> Activity
From the first line of the records down to the one that holds "Кильские матросы, фото", transcribe each line exactly and add nothing.

> Exercise input
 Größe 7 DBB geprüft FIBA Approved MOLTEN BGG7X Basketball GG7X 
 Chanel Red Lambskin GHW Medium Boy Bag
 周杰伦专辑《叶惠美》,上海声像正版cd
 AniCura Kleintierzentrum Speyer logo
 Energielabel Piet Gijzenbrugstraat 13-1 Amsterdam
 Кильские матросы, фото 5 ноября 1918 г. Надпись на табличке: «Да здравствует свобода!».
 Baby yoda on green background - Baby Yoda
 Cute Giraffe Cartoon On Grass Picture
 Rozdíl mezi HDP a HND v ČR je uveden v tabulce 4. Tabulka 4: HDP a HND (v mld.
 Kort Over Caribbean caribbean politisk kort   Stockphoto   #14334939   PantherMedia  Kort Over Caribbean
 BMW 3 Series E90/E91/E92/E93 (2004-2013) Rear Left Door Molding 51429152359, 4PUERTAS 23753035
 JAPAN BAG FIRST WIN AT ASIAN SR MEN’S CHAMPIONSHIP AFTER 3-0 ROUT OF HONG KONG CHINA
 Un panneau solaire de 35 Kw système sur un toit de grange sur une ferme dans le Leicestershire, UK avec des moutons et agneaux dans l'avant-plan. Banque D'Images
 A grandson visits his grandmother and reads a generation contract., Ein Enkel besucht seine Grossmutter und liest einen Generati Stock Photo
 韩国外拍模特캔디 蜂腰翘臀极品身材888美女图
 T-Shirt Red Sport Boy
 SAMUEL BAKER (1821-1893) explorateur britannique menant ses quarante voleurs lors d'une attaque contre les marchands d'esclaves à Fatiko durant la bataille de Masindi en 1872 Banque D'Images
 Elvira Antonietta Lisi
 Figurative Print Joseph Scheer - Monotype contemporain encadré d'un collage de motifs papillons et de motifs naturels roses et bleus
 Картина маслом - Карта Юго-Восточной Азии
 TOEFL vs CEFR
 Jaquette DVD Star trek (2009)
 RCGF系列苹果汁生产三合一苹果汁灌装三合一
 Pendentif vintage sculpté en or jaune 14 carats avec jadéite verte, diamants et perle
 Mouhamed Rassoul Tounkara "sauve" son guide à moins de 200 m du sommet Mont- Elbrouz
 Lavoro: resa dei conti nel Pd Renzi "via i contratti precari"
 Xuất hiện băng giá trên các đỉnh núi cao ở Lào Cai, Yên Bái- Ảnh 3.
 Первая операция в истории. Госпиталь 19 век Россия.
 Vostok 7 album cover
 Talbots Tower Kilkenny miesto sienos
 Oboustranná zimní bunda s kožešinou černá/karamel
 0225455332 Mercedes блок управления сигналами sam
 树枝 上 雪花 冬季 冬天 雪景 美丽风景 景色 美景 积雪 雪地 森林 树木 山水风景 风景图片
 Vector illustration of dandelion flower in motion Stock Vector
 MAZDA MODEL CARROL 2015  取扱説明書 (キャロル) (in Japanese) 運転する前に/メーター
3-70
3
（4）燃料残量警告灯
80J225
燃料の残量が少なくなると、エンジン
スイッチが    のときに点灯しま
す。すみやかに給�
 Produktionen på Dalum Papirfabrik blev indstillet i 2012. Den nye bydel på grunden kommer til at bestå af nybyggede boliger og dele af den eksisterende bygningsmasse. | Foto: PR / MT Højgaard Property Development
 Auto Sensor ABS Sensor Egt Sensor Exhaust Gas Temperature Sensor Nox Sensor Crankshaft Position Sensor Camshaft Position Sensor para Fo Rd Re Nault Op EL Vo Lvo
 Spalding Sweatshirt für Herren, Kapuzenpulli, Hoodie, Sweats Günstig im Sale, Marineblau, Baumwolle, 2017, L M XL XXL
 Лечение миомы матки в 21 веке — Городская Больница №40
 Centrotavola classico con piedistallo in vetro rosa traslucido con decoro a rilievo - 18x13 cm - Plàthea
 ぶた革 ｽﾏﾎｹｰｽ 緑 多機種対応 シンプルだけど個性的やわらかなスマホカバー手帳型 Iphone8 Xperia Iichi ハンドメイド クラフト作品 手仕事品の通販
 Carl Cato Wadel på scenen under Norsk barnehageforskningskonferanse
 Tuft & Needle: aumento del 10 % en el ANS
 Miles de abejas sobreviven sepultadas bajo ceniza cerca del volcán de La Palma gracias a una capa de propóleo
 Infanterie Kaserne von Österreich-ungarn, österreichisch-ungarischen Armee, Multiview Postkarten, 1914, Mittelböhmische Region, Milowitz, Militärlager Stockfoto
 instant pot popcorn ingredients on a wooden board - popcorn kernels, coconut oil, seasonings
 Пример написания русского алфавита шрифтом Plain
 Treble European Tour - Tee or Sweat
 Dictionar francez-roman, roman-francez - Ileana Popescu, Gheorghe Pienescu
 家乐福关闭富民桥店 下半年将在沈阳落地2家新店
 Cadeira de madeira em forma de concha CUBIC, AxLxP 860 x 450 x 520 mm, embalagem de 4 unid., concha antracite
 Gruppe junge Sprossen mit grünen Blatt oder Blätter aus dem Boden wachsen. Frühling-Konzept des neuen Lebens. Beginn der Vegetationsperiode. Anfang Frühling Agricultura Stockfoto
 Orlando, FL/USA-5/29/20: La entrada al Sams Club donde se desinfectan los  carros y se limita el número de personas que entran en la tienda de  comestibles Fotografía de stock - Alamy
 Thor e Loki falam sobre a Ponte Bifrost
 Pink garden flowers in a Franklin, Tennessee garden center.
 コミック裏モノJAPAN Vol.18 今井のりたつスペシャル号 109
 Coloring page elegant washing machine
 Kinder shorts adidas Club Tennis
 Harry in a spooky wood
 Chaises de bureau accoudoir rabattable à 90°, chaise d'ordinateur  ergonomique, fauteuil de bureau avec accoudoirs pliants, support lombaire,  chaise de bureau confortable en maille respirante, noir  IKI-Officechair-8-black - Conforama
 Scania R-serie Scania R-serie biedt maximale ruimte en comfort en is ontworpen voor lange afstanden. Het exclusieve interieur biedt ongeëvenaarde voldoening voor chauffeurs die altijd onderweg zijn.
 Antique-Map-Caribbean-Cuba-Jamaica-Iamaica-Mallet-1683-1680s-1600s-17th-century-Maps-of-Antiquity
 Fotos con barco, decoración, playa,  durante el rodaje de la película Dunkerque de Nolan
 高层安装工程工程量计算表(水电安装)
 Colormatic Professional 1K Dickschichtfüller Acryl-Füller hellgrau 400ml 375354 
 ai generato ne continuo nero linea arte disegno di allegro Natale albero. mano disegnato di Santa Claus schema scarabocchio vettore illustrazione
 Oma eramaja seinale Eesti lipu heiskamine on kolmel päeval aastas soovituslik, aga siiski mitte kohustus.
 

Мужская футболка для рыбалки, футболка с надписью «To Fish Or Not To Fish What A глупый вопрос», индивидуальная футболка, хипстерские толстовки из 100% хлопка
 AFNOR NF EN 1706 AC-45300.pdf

> Your response
 Größe 7 DBB geprüft FIBA Approved MOLTEN BGG7X Basketball GG7X 
 Chanel Red Lambskin GHW Medium Boy Bag
 周杰伦专辑《叶惠美》,上海声像正版cd
 AniCura Kleintierzentrum Speyer logo
 Energielabel Piet Gijzenbrugstraat 13-1 Amsterdam
 Кильские матросы, фото 5 ноября 1918 г. Надпись на табличке: «Да здравствует свобода!».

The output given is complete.